3) Parties. Many writers are introverts. But most of them can’t resist telling a good story. So even the introverts, when they find the one person they know at a pary, can fill the time between the keg being tapped and the food coming out with story after story. And while many people think they can tell a story, it’s the real storytellers who tell the tales everyone remembers after they go home.

4) Job Interviews. I may have been interviewing people for a job in publishing in the anecdote above, but stories are always the best way to ace an interview. A list of accomplishments can be helpful. What interviewers really want, though, is to understand the larger context of those accomplishments, the tangible results of the successes, and the obstacles you’ve overcome. It takes a story to make that happen. And when colleagues ask your new boss why she hired you, she’s probably going to tell one of the stories you told her in the interview.

5) Dates. A date is kind of a combination of a party and an interview, so this makes sense. But something Neil Gaiman mentions takes this a step further: the best storytellers don’t impress through recounting achievements, or entertain with polished jokes.
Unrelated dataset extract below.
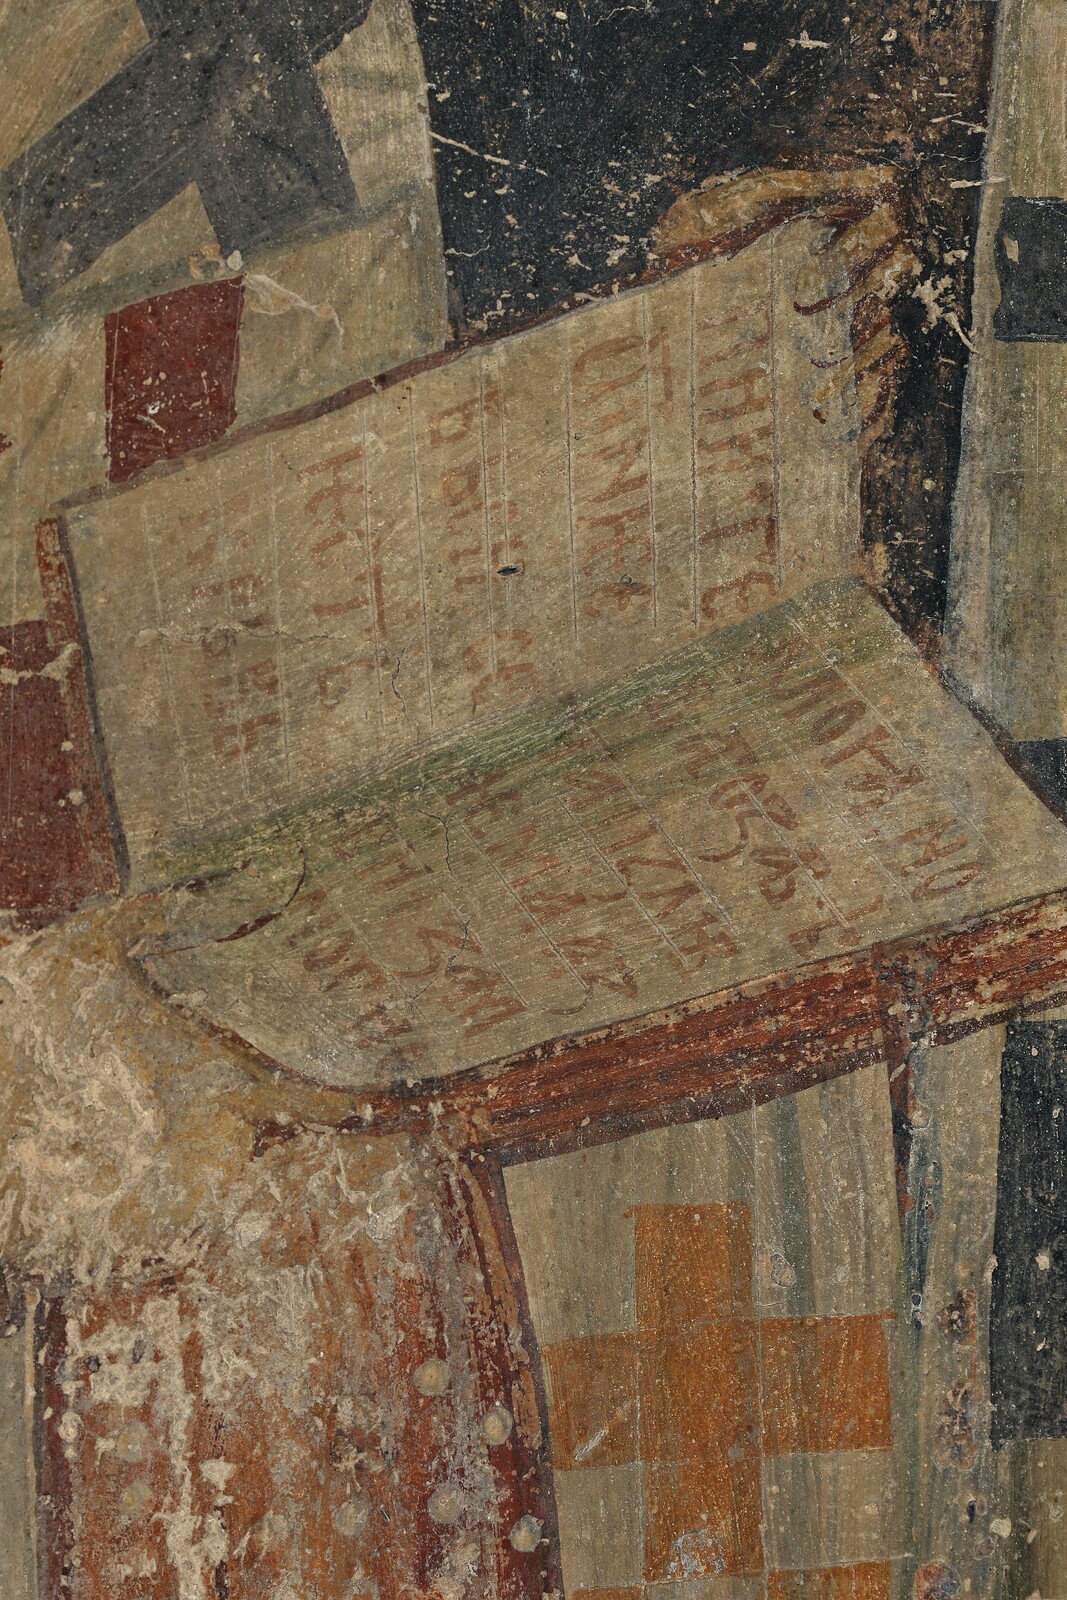 Liturgy of the Archpriests, detail

The best storytellers give you honest and a glimpse of the soul. I often joke that it takes six months of dating a woman to know all her flaws, but men will have them all on display on the first date. When you go on a date with a writer, however, you get to see all the way inside them, the good and the bad and the vulnerable, within the first few stories. Hopefully you like what you see!

6) The Doctor’s Office.  Doesn’t it seem weird that, no matter how much you’ve written down or told the nurse, the doctor still comes in and says, “So tell me what’s going on.” That’s because she’s trying to get the symptoms and potential causes unfiltered. How you explain what the problem is tells her important things about a potential diagnosis. The key for your physician, as it is for readers, is all the little, telling details.

7) Therapy.  Describing how you got yourself into your situation and how you feel about it is the key to getting better. Knowing which stories carry emotional weight and why is a skill everyone in therapy wishes they had. Plus, you have an outlet beyond an hour of therapy a week for getting those stories out.

8) Jury Pools. Being a good storyteller is useful in every part of the legal process, because it’s stories that convince people. But the place it’s most likely to come up for a writer, who is mostly likely not a lawyer or a criminal, is in a jury room. Your job is to assemble the facts you’ve been given into a story that you and the rest of your fellow jurors can understand. Plus, you have to poke holes in the narrative, making sure it all fits together and that there’s no other way this story can be told. If that isn’t a job for a writer, what is?

9) Political Campaigns. Ask someone who has donated to a political campaign why they gave money to that guy, and they’ll tell you a story. Maybe it’s about something the world has done to them or their company, or maybe it’s something appealing about the candidate’s accomplishments or biography. What matters is that politics is about stories. The politicians who know how to turn their ideas and policies into stories are the politicians who win every race. But even in their organization, from campaign manager to volunteer door knockers, it’s the storytellers who get citizens excited to go to the polls.

10) The DMV.  Stick a bunch of people in a room with no reading material, dying phones, a long wait, and only strangers to talk to, and you get a lot of bored people. Except the writers. They’re too busy working on their stories in their head, imagining the narrative of their own amazing future success, or creating imaginary lives for the people around them.